Transformation, not Cosmetic Improvement
Jesus comes along and preaches “transformation.” He doesn’t preach how things are going to get better externally or something, no. He says a true transformation is going to come about.
There is this one prayer during Easter that comes up time and time again—and I know, we don’t pay much attention to the prayers at Mass, we get caught in the routine, we listen for “through Christ our Lord” so we can say “Amen”—but there is one of the prayers that says, “O God, who have made us partakers of the one supreme godhead.” It’s like, oh my goodness. That’s what’s going on. We’ve become partakers in the supreme godhead, we share in the life of God himself. This is not something external, this is a deep transformation.
Every Mass—and this prayer is said quietly so you don’t hear it—but during the Mass, when I pour the wine and water into the chalice, I say: “By the mystery of this water and wine may we come to share in the divinity of Christ who humbled himself to share in our humanity.” Wowza. Sharing in the divinity of Christ! That’s transformative language there. This should completely blow our minds.
This is what it’s all about. All of it. The Fathers of the Church had a quick and pithy way of summing this up: Deus fit homo ut homo fieret Deus. God became man so that man might become God. And this is not a new plan! Adam and Eve didn’t mess up in the garden and then God decided to make things better and give us more, no. This was the plan from the very beginning! The goal from the beginning was for all mankind to share in the eternal life of God (i.e., the divine life) and this is what is restored to us in Israel’s Messiah King, Jesus.
One of my favorite stories to tell is about these two monks who lived a long time ago in the desert (called the desert fathers). And one day the young monk goes to the old monk and says, “I say my prayers, I fast, I pray and meditate, I live in peace, I purify my thoughts. But I feel like I’m missing it. What else can I do?” [And that’s us. We have all of our external things we do.] Then the old monk stand up, and hold this hands like this, and fire starts to pour out of his hands. And he says, “If you will, you can become all flame” (c.f., The Sayings of the Desert Fathers). What is he saying? You can have fire-powers? No. He’s saying you could be transformed! A true transformation could come about in you! If you would hand over everything to the Lord, allow him to work through you—instead of thinking, “Well, did I pray seven rosaries today?”

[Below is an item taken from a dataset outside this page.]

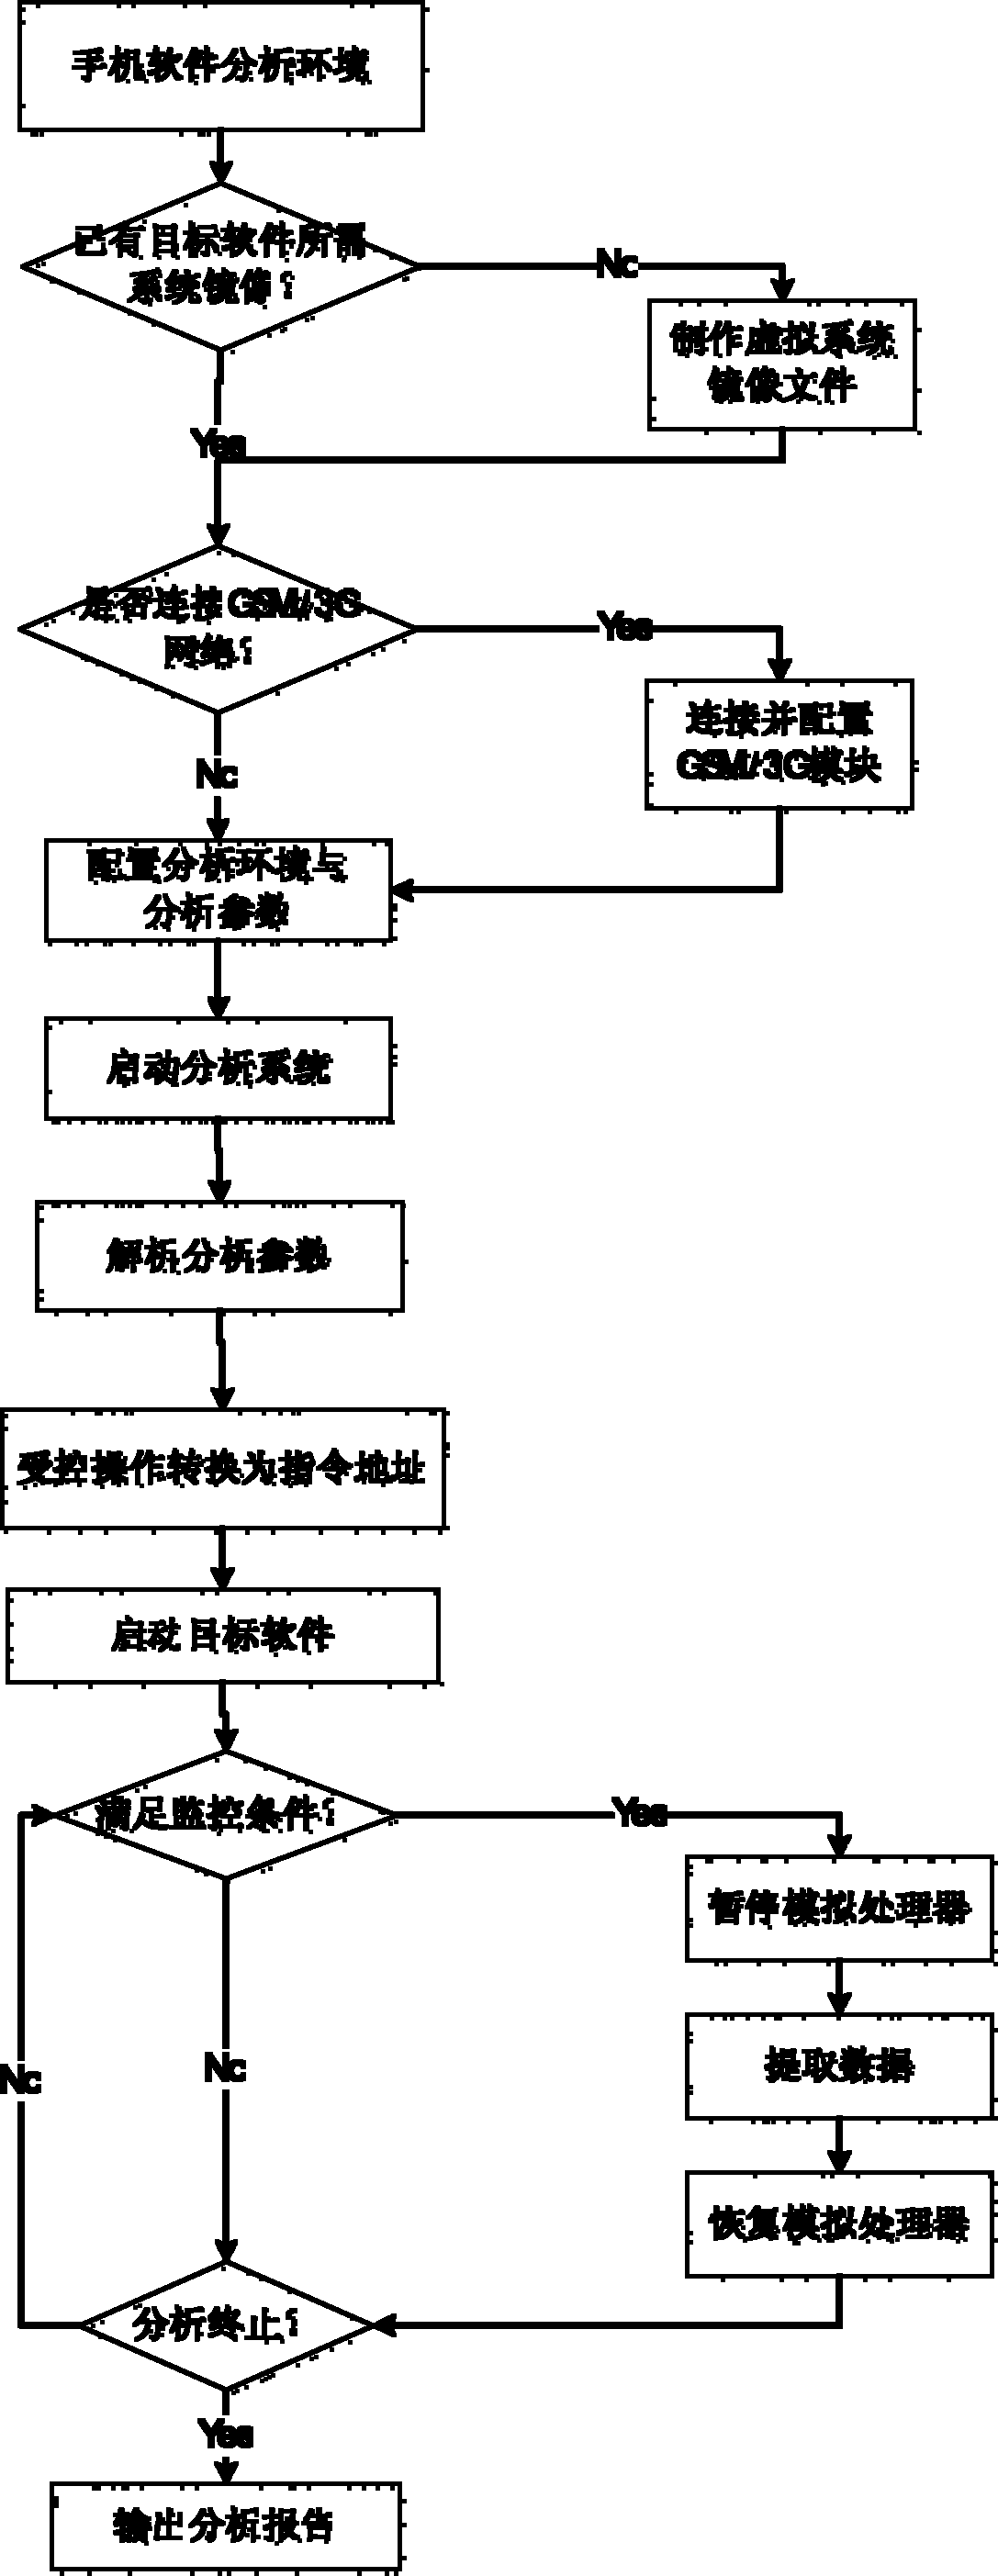 Method and system for extracting behavioral data of mobile phone software

But again, what happens? We get caught up on the externals. “So we fast on Fridays? So we don’t fast on Fridays? How many rosaries a day do I have to pray?” Uh, we’re missing it. This is what Jesus is getting at, in part, in our Gospel today. The Pharisees and scribes are asking him about all of these external laws and rules and regulations, and how the disciples aren’t following them. And Jesus is just like, “Ugh, you’re missing it. Well did Isaiah prophesy…This people honors me with their lips, but their hearts are far from me” (Matthew 7:6). It’s not about paying lip-service to God! There is something deeper, our heart, our very being itself that Jesus is going after.
The Heart: In Need of Transformation
And the heart, the human heart is in need of this transformation and renewal. It needs it! Desperately needs it! They tried the laws and rules and regulations—we still do to this day. But as Jesus points out, the problem isn’t the rules, or that people need to try harder. Jesus’ point is that there is a problem much deeper than washing your hands. There is a fundamental brokenness in the human heart. “From within people, from their hearts, come evil thoughts, sexual immorality, theft, murder, adultery, greed, wickedness, deceit, licentiousness, envy, blasphemy, pride, foolishness” (Mark 7:21-22).
This goes all the way back to the garden of Eden, we’ve talked about this. People had access to the Tree of Life, a tree that would make people sharers in God’s own life and power. But instead, they chose the Tree of Good and Bad—they chose to do what was right and wrong in their own eyes. And when we do that, we know what happens. When we just do whatever we want, it leads to broken relationships, violence, and death. When we start with the evil thoughts, sexual immorality, theft, murder, adultery, greed, wickedness, deceit, licentiousness, envy, blasphemy, pride, foolishness—when we start down that road, we know how it ends up. In the time of Israel, it got so bad, people’s hearts were so corrupt, Jeremiah watched a generation of Israelites start the practice of child sacrifice. There is something wrong at the level of our hearts.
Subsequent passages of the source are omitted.